Although Margayya's rise to financial eminence is sure and swift, the reader is throughout left with a tantalizing dread that there is something unsustainable about the entire edifice -- the only question is how it all will unravel. Narayan is no Freudian in other departments, but for the constant presence of the death wish in many of his heroes. Here it finds its expression in Margayya, at the height of his powers, doing something patently suicidal. The pyramid scheme could not have continued forever in any case, but Margayya hastens its end: provoked by his son's insult, he thrashes Balu's cavorting buddy for having led his boy astray. In retaliation, that man (incidentally the author who gave him the sex therapy manuscript originally) spreads the rumor that Margayya is out of money. Fear catches, and depositors start lining up, at first in small numbers and sheepishly, to request their funds back. An instinctive psychologist, Margayya responds by tossing their money back at them, with interest and with a stiff upper lip. But when the demand for return of money gradually builds up to a crescendo there is a run on the bank, as it were, and soon Margayya is well and truly insolvent.
The beauty of Margayya's character is the utter devotion to moneymaking and its attendant mystique. But a Margayya could thrive only when others were actually producing things, using his services as an enabler from time to time. America's 2008 meltdown arose because everyone wanted to be a Margayya. If Margayya had actually been like George Jefferson and gone in to drycleaning, we (and he) would have been all right. Instead our existence became dominated by too many financial experts, as we made lots of money and quit making very much else. Like Margayya, we turned a blind eye to our own people, to their education, health or other well-being, encouraging them to leave us in peace by providing them cheap funds to... entertain themselves, shall we say. And they, like Balu, got used to living outside their means. All in all an edifice readymade to teeter. And we, in Margayya fashion, indulged our own death wish by responding to an insult by starting a foreign war or two (to his credit, at least Margayya assaulted the right guy).
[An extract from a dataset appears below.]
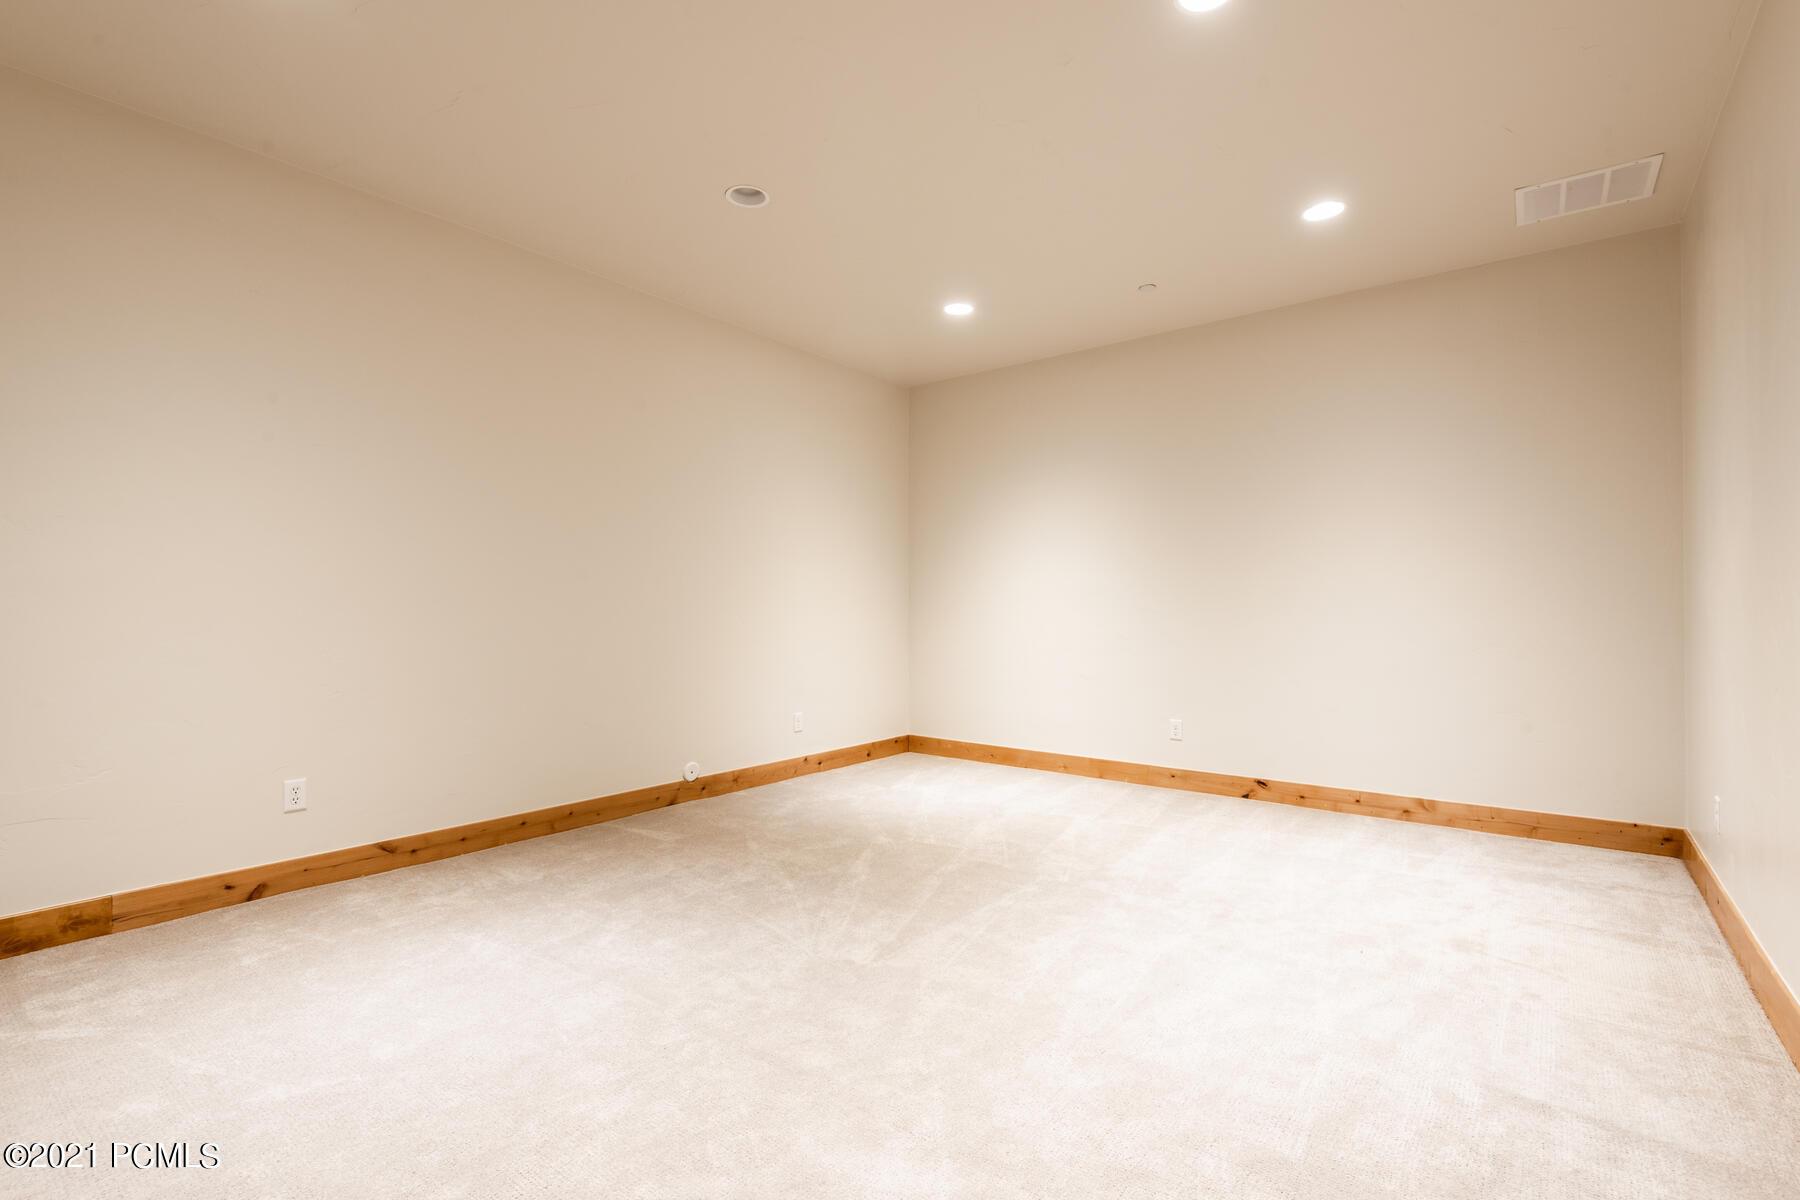 2490 Silver Cloud Drive, Park City, Utah 84060, 5 Bedrooms Bedrooms, ,6 BathroomsBathrooms,Single Family,For Sale,Silver Cloud,12100692

In the end, all that is left is the old ancestral home, and a few pots and pans. Shortly Balu returns, kicked out of his posh house, accompanied by wife and toddling son. Margayya was paying his rent too, after all. The Financial Expert ends with the touching scene of Margayya, who had spent his life contemplating the wonders of compound interest, turning to his grandson as he finally realizes where his true wealth lay.
It is this wisdom that appears to have eluded us, even after all that has happened. From all appearances, we still remain stuck in the money-making mindset instead of realizing the meaning of real riches. We are living parodies and literal embodiments of what Naipaul wrote of Malgudi -- small men, big talk, small schemes (large scams, though).
And limited means, more limited by the day.